LIVE from NYPL: A Celebration of The Paris Review : Salman Rushdie, Philip Gourevitch and Miranda July with The Hungry March Band

Event Details

Come celebrate the roll-out of the first issue! It's taller, it's trimmer, its shoulders are broader-- The Paris Review , long the heavyweight champion of literary magazines, has been redesigned and revitalized for the new century under the editorship of Philip Gourevitch. Gourevitch will join LIVE from the NYPL for an evening of conversation with, and reading by, Salman Rushdie, subject of the Art of Fiction interview in the current issue of The Paris Review, and Miranda July, contributor to The Paris Review Book of People with Problems published by Picador.

And in keeping with the magazine's late editor George Plimpton's taste for high kicking can-can dancers, The Paris Review and LIVE from the NYPL crowd will be joined at 6:30 pm by The Hungry March Band!
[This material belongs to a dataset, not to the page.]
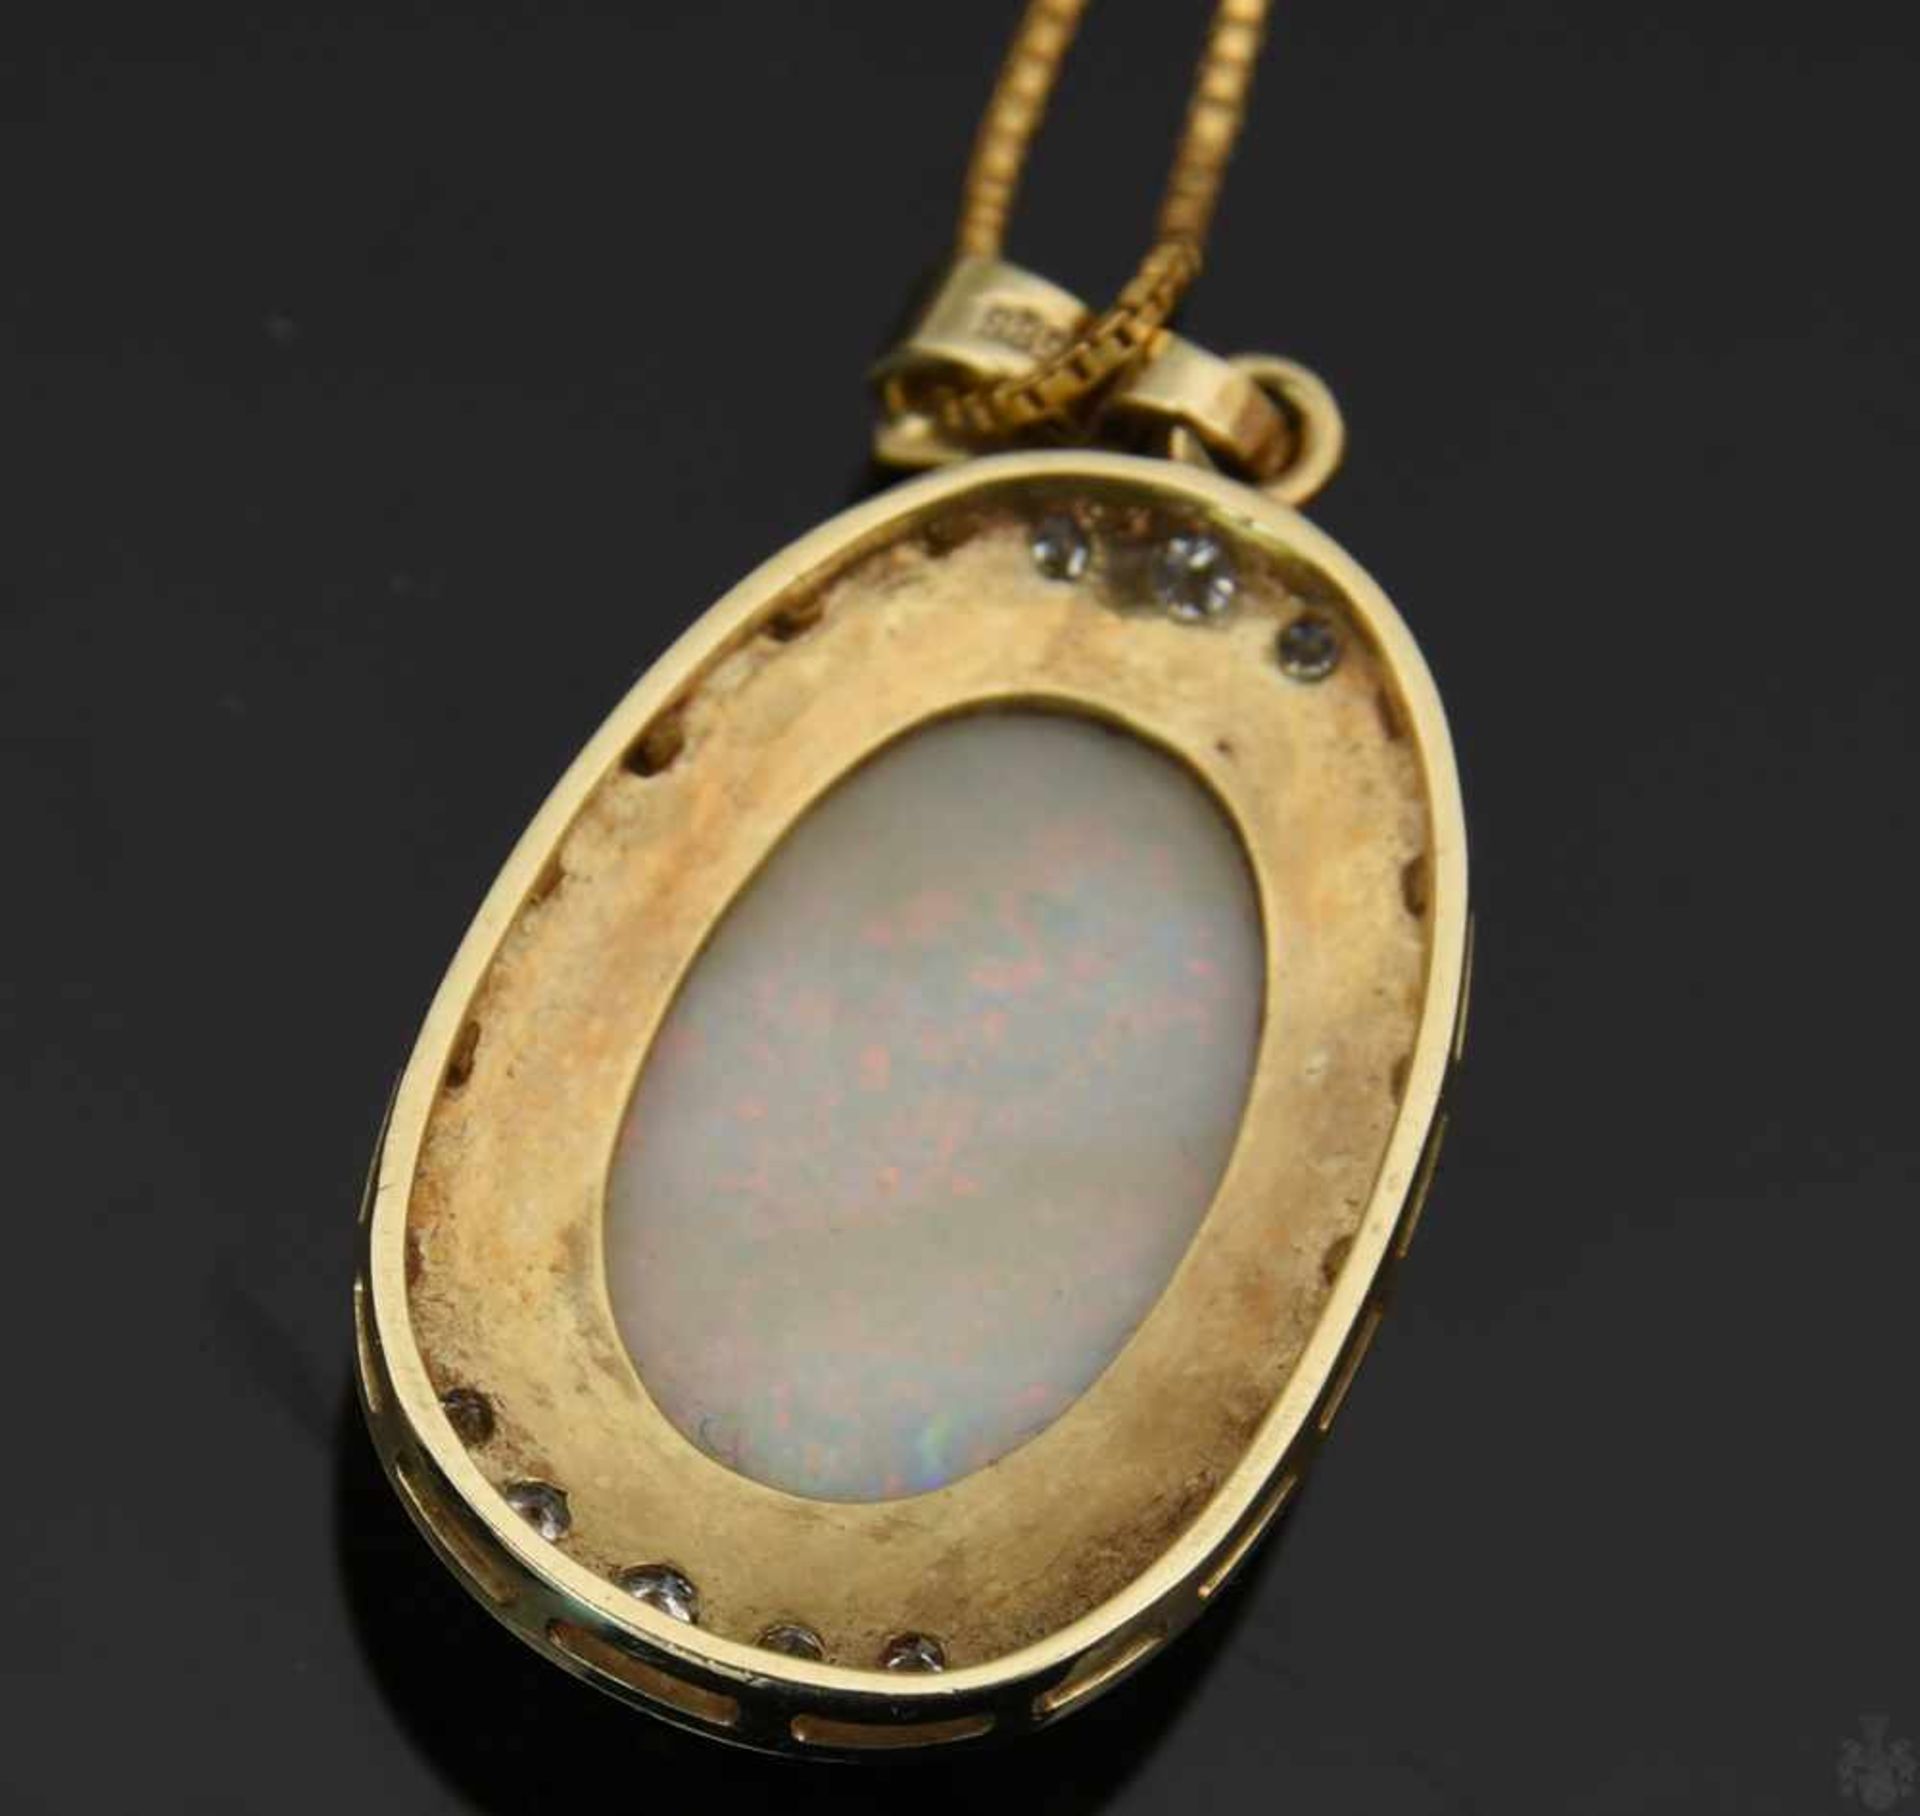 HALSKETTE MIT ANHÄNGER UND RING , mit Opalen und Brillianten.Oval geschliffene Opale mit umlaufenden - Image 7 of 9

Co-presented with The Paris Review and Picador.

About Salman Rushdie:

Salman Rushdie's most recent book is Shalimar the Clown. He has written eight previous novels ? Grimus, Midnight's Children (for which he won the Booker Prize and the ?Booker of Bookers?), Shame, The Satanic Verses, Haroun and the Sea of Stories, The Moor's Last Sigh, The Ground Beneath Her Feet, and Fury and one collection of short stories, East, West. He has also published five works of nonfiction: The Jaguar Smile, Imaginary Homelands, The Wizard of Oz, Mirrorwork, and Step Across This Line. He has served as honorary Vice-President, Member Trustee-at-Large, and now President of PEN American Center. He was also a founder and first President of the International Parliament of Writers.

About Philip Gourevitch:

Philip Gourevitch is editor of The Paris Review and a well-known author and long-time staff writer of The New Yorker. His book, We Wish To Inform You That Tomorrow We Will Be Killed With Our Families: Stories from Rwanda has won numerous prizes, including a National Book Critics Circle Award, a Los Angeles Times Book Prize, a George Polk Book Award, and in Britain, the Guardian First Book Award. His book, A Cold Case, is being adapted for the screen by Tom Hanks and Universal Pictures. His books have appeared in translation in ten languages.

About Miranda July:

Miranda July makes movies, performances, recordings and combinations of these things. Her work has appeared at the Museum of Modern Art, the Guggenheim Museum, The Kitchen, the 2002 and 2004 Whitney Biennials, and the Institute of Contemporary Art in London. July's stories have been published in The Paris Review and The Harvard Review and her radio performances can be heard regularly on NPR's The Next Big Thing. July's first feature-length film, Me and You and Everyone We Know received a special jury prize at the 2005 Sundance Film Festival and was awarded the Camera d'Or at the Cannes Film Festival. Her story "Birthmark" is included in The Paris Review book of People with Problems just out from Picador (2005).

About The Hungry Band:

The HMB is a 25-piece Brass March Band based in Brooklyn. They are a community-based group with a membership as diverse as the music they play. Their musical repertoire consists of original compositions written by band members as well as songs from New Orleans street bands, European brass traditions, Gypsy/Roma classics, wedding brass bands from India, and the jazz world. The band is an ever evolving musical experiment influenced and inspired from Brooklyn's backyard with Latin flavor, Klezmer sounds, polish jigs, punk rock noise, hip hop beats and music of the streets. A blazing parade of flesh, blood, steel, brass and wood, The Hungry March Band is the music of the people!